There still hasn't been much new happening with Bird Flu since 1969. A case or two of transmission from human to human means nothing until it approaches a level which can sustain an epidemic.
I was surprised to hear that these were the "first confirmed human to human transmission", because clearly remembered such transmission occurring during the SARS epidemic which at the time was assumed to be Bird Flu, but has since been discovered to be something entirely unrelated.
The 1918 outbreak was bad enough by itself that deaths Bird Flu over the past 100 years have occurred at a rate comparable to deaths from AIDS over the past 30 years. If a similar virus would get loose today, there would probably if anything more deaths, since there are many more people in the world today and today we haven't something similar to the epidemic of 1889-1890 which provided immunity to the 1918 flu. Actually, I'm a lot more worried about the reconstructed 1918 strain getting out than I am about a new strain developing. Releases of hoof and mouth disease from experimental laboratories show that lab containment procedures are far from perfect, and and the 1918 virus had genes which gave it a very high mortality rate. Like the Ebola virus, it killed directly without having to rely on pneumonia, looking to doctors of the time more like gas poisoning than pneumonia. From the previous link:
During the 1918 influenza pandemic, pathologists observed at autopsy severe destruction of lung tissue unlike that typically seen in cases of pneumonia.
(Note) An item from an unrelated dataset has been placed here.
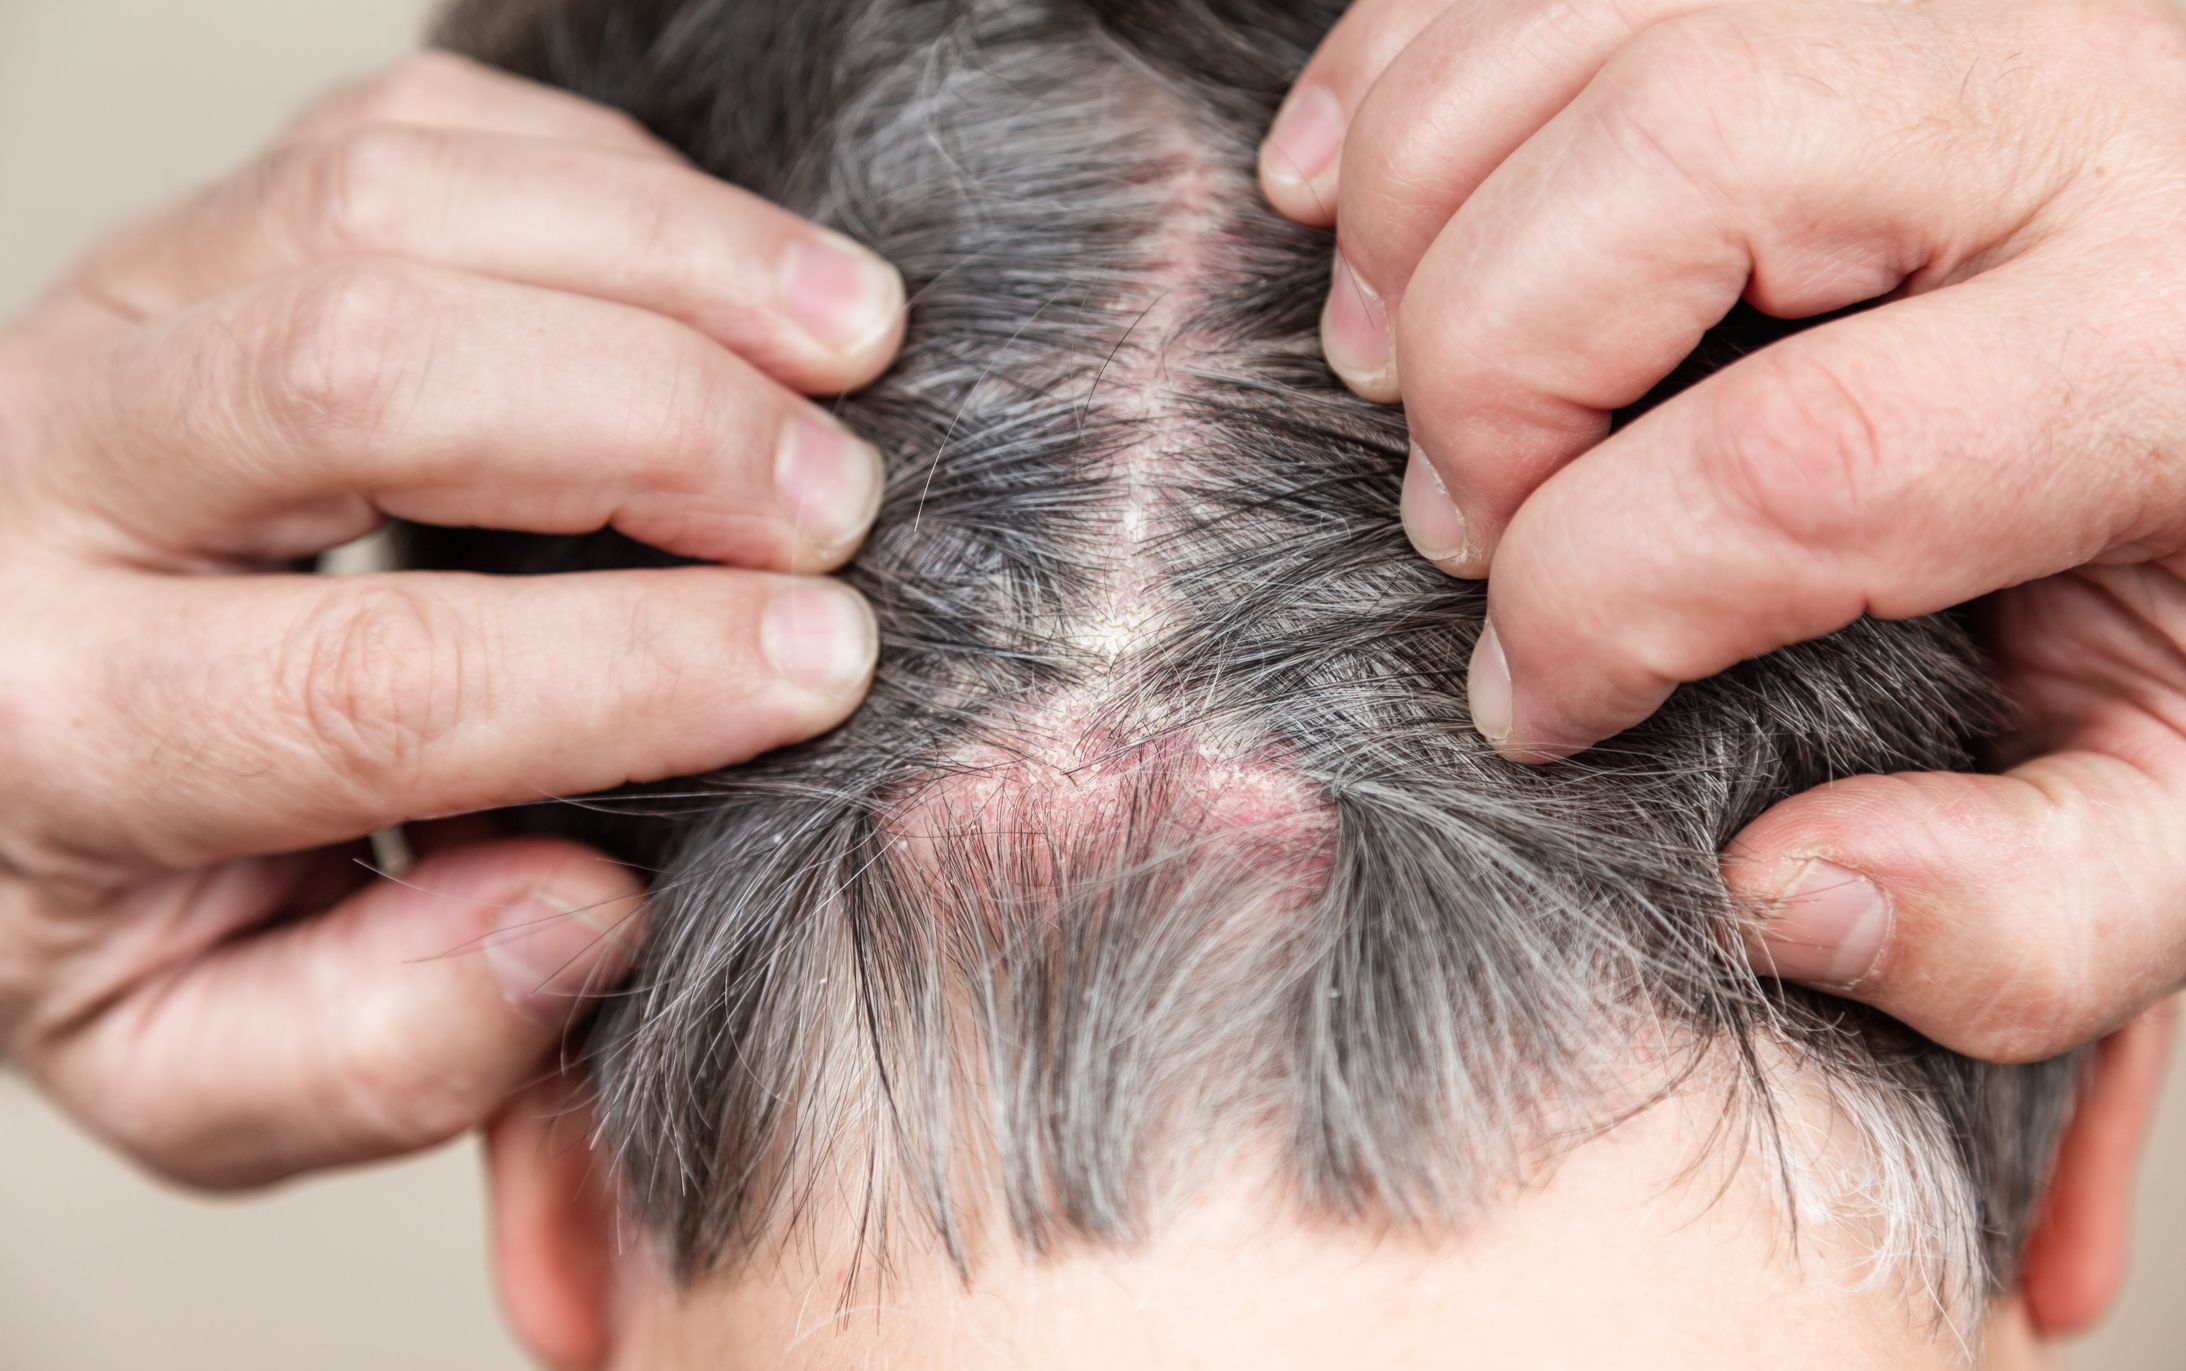 18 Causes of Hair Loss, and How to Treat It

Despite the danger, I'm getting rather tired of the incessant drumbeat that a Bird Flu pandemic is imminent. It is no more imminent than it has been for the past 35 years, and every year we have about a 1 in 75 chance of seeing a Bird Flu epidemic killing over 5 million people, though with a good chance of it being a lot more than 5 million. By the time the big epidemic finally comes, people will probably be so tired of the warnings that they won't listen to them anymore.
It's never been clear that Ebola wouldn't cause a major worldwide pandemic if let loose in a metropolitan area. In the relatively small number of outbreaks seen so far, it has always appeared in a remote area, infected most of the hosts in the village where it appeared, killed most of them, and then, having burnt out its source of available victims, burnt itself out before reaching a major metropolitan area. There was a single person infected in this latest outbreak who reached a major city, but apparently he didn't spread it to anyone.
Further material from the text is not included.